The other answers have already done a good job of explaining why shred may not be able to do its job properly.
This can be summarised as:
shred only works on partitions, not individual files
As explained in the other answers, if you shred a single file:
there is no guarantee the actual data is really overwritten, because the filesystem may send writes to the same file to different locations on disk
there is no guarantee the fs did not create copies of the data elsewhere
the fs might even decide to "optimize away" your writes, because you are writing the same file repeatedly (syncing is supposed to prevent this, but again: no guarantee)
But even if you know that your filesystem does not do any of the nasty things above, you also have to consider that many applications will automatically create copies of file data:
crash recovery files which word processors, editors (such as vim) etc. will write periodically
thumbnail/preview files in file managers (sometimes even for non-imagefiles)
temporary files that many applications use
So, short of checking every single binary you use to work with your data, it might have been copied right, left & center without you knowing. The only realistic way is to always shred complete partitions (or disks).
The concern is that data might exist on more than one place on the disk. When the data exists in exactly one location, then shred can deterministically "erase" that information. However, file systems that journal or other advanced file systems may write your file's data in multiple locations, temporarily, on the disk. Shred -- after the fact -- has no way of knowing about this and has no way of knowing where the data may have been temporarily written to disk. Thus, it has no way of erasing or overwriting those disk sectors.

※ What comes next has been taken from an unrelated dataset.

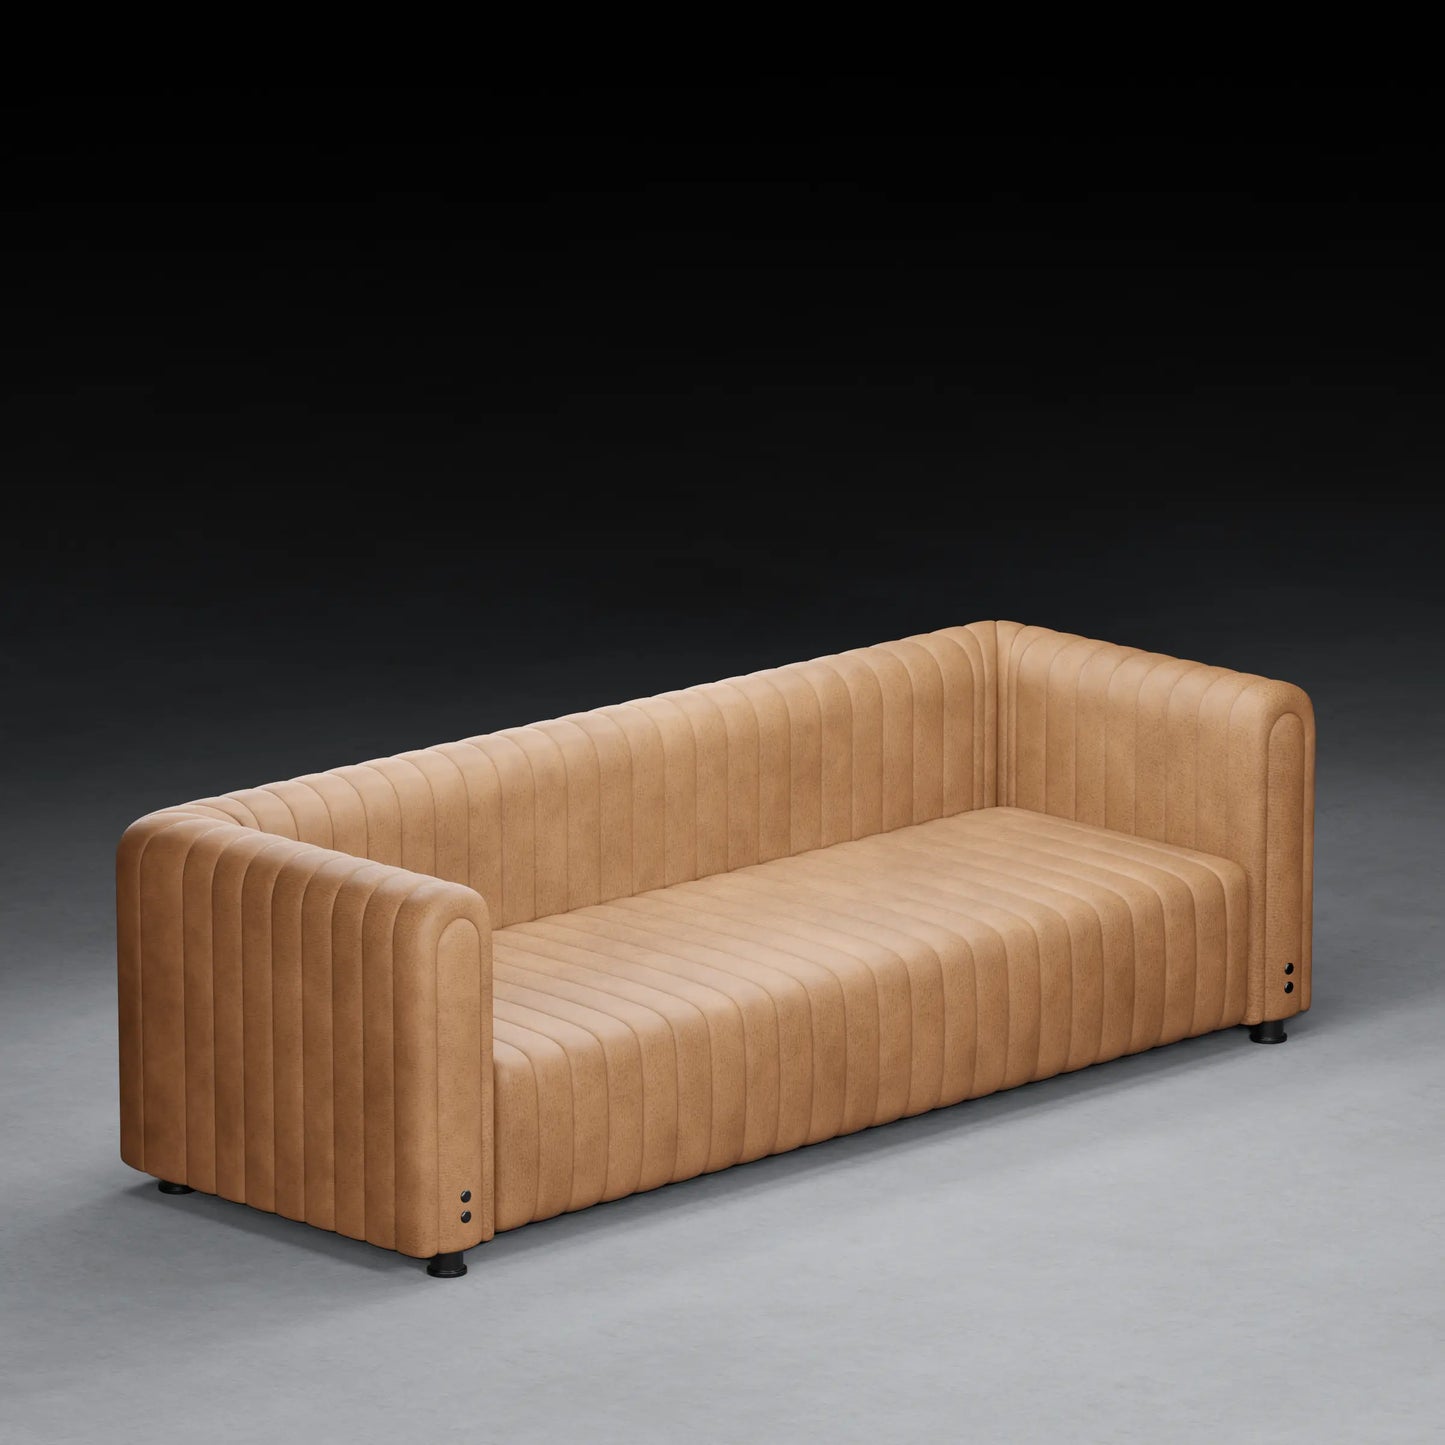 FIG  - XL 3 Seater Couch in Leather Finish | Tan Color

Imagine this: You write a file to disk on a journaled file system that journals not just metadata but also the file data. The file data is temporarily written to the journal, and then written to its final location. Now you use shred on the file. The final location where the data was written can be safely overwritten with shred. However, shred would have to have some way of guaranteeing that the sectors in the journal that temporarily contained your file's contents are also overwritten to be able to promise that your file is truly not recoverable. Imagine a file system where the journal is not even in a fixed location or of a fixed length.
If you are using shred, then you're trying to ensure that there is no possible way your data could be reconstructed. The authors of shred are being honest that there are some conditions beyond their control where they cannot make this guarantee.